Despite some criticisms of his seemingly passive play at Worlds, Bjergsen remains firmly at the top of the NA LCS pantheon. He is the greatest player the region has ever known, and few seriously blame TSM’s disappointments on the Danish mid laner.

Besides, Hauntzer has been worse. The team has given him carte blanche at Worlds, giving him lane priority and asking him to carry. But his aggressive picks have just invited opposing junglers to gank him while he’s overextended. A lot of TSM’s misadventures in international play have to do with Hauntzer’s lane.

All about the blue buff

TSM, at their best, don’t like to focus top side at all. But there’s one situation where they feel like they have no choice. TSM love to give Hauntzer lane priority in the early 1v1 when playing on red side, a side that’s been an issue for them for years. With Hauntzer pushing, previous jungler Dennis “Svenskeren” Johnsen would be given freedom to invade the enemy blue buff, one of the team’s most basic strategies.

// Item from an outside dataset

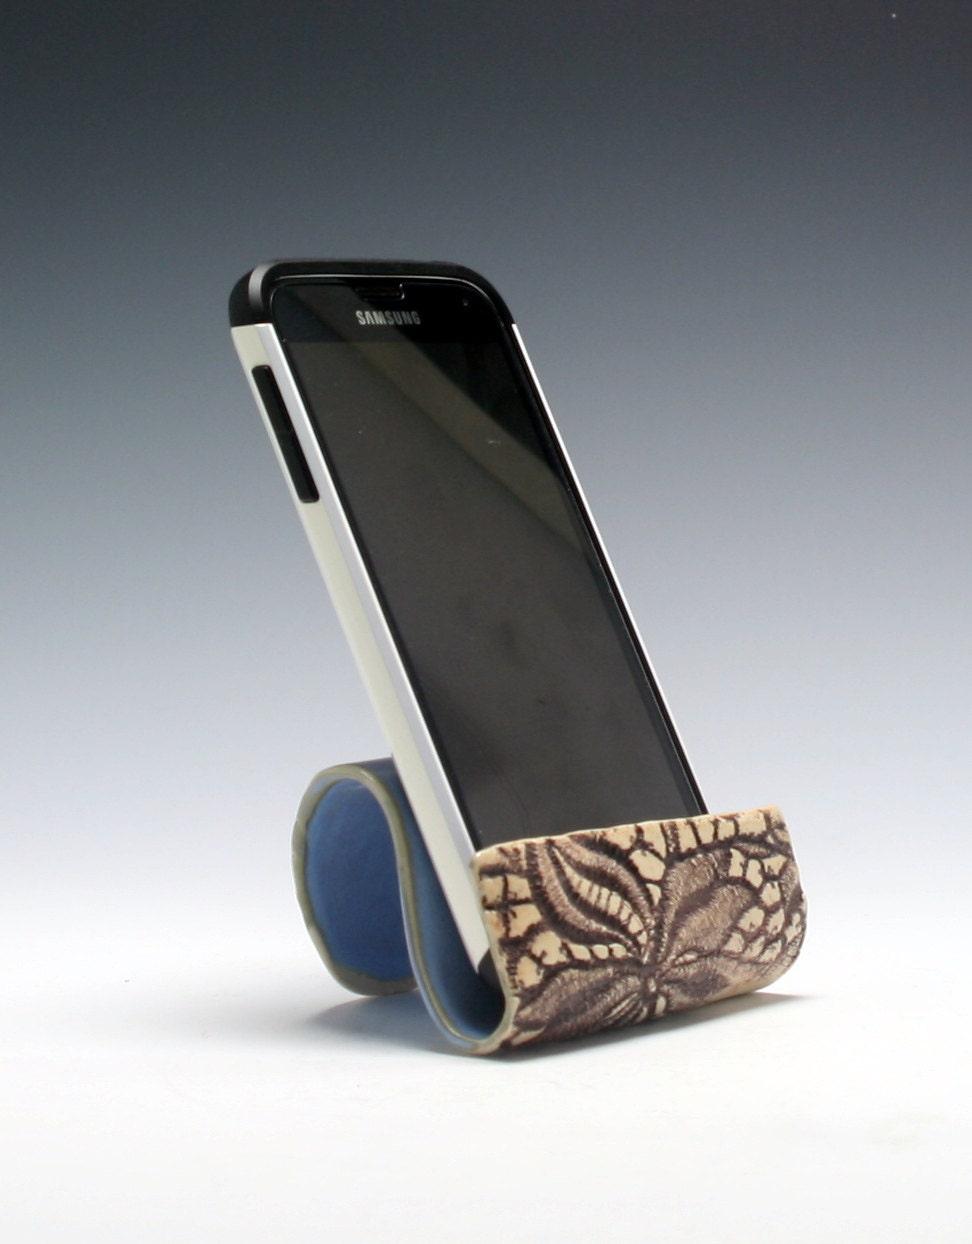 Ceramic cell phone holder business card holder sponge

The problem was that, outside of his region, Hauntzer couldn’t reliably provide pressure, and Svenskeren’s risky invades would often get him killed. Even worse, top lane and jungle looked cut off from the rest of the map, as both players failed to play around what the other lanes needed, especially the bot side. Either TSM would fail to cover their duo lane when they needed help, or fail to pressure the other side of the map when the duo lane was lost.

Even the best teams look a bit lost when their preferred strategy doesn’t work out. But TSM’s lack of a viable alternative meant that games felt over before they really began. In domestic play, TSM would still often come back from early stumbles as their opponents failed to make aggressive objective calls. But better teams at Worlds did punish TSM, forcing them to collapse.

Failure to adapt

TSM’s rigid playstyle and over-reliance on lane dominance and blue control contrast with other NA teams that have had better results internationally. Cloud9 have gotten out of the group stage at the past two World Championships because they have learned how to adapt after the first week. C9 also know how to craft a winning game plan when one—or more—lanes are losing, something TSM still struggle with, even in their region.

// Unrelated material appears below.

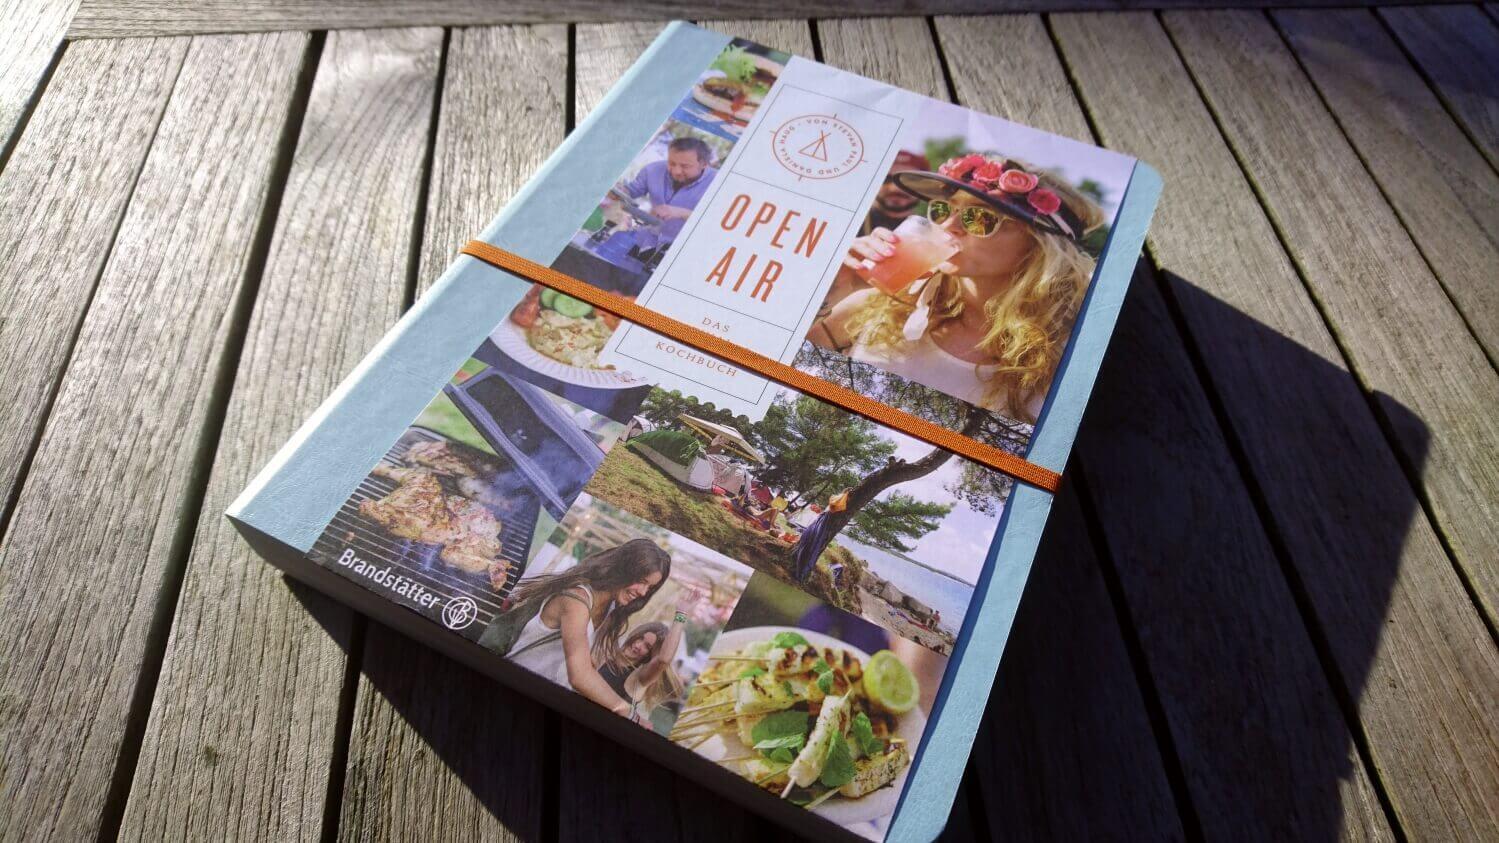 OPEN AIR Festival und Camping Kochbuch grillrezepte_OPEN AIR Festival und Camping Kochbuch 4

Better teams, like SK Telecom T1, can even survive bad openings by using brute force to pry games open. SKT’s 2017 top laner, Heo “Huni” Seung-hoon, faced numerous issues adapting his carry-oriented style to the team. But when things went south and both side lanes fell behind, SKT could still manage to win by patiently farming and then collapsing as a devastating five-man unit around key objectives. In their quarterfinals series against EU LCS squad Misfits, SKT had their opponents so scared of full-on teamfights that Misfits passed up critical Baron opportunities, even in man-advantage situations.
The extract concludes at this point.